Unknown to the Polish health advocate, his words hang framed in the
Warsaw office of Philip Morris Cos., in the form of a letter he wrote to Bill
Clinton asking the U.S. president to tighten controls on U.S. tobacco
companies' international marketing.
"It's kind of a joke," says Margaret Kowalczyk, the company's
corporate-affairs director, with a laugh as she glances at the 1993 missive
on her wall.
But Dr. Zatonski, who runs Poland's Health Promotion Foundation, is no
joke. "He's very skillful and charismatic," says Ms. Kowalczyk in a more
serious tone, adding, "Poland has a very sophisticated and effective
antitobacco lobby."
Poland?
Hints of Change
For years, Poles have smoked 118 packs per person annually, more
cigarettes per person than almost anywhere in the world. Leading global
tobacco companies have invested around $1 billion here over the past
decade to buy and develop Polish cigarette factories, and they spend
millions more each year to market their products.
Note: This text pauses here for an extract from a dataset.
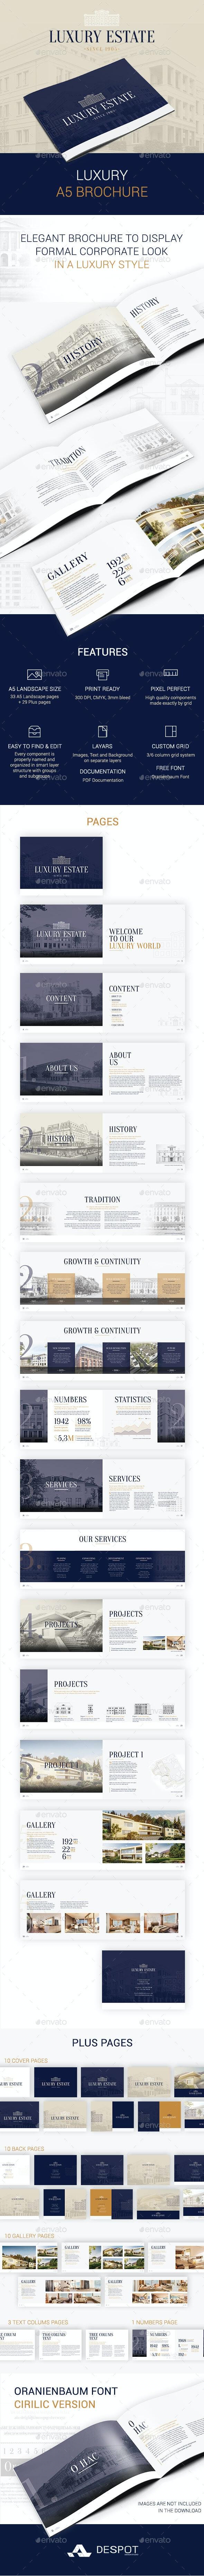 Luxury A5 Brochure - Brochures Print Templates

Cigarette smoke wafts
down streets, clouds cafes and permeates the clothes of the person next to
you on the bus.
But out of this haze, some hints of change are emerging. Unlike in the U.S.,
where tobacco wars have been fought largely through lawsuits, Poland's
elected politicians have taken the lead in tobacco control. As a result,
cigarettes sold in Poland now carry some of Europe's largest and most
explicit health warnings, featuring such messages as "Smoking tobacco
causes cancer." Excise taxes are rising steadily, as is the number of places
where smoking is forbidden. Tobacco advertising already faces tight
restrictions, and they could soon get tougher. Cigarette consumption has
leveled off over recent years, and dropped significantly among some
groups, such as middle-age men.
"Poland really is a leader in tobacco control in the region," says Barbara
Zolty at the World Health Organization's Tobacco-Free Initiative in
Geneva, who credits Dr. Zatonski's movement with putting Poland out
front on the issue. "Dropping tobacco consumption is a concrete example
of success," she adds.
'Huge Marketing Opportunity'
Yet kids still buy cigarettes almost as easily as chewing gum, while women
are lighting up ever faster. Big tobacco keeps pushing, too, lobbying to roll
back restrictions and delay new controls, which it calls futile.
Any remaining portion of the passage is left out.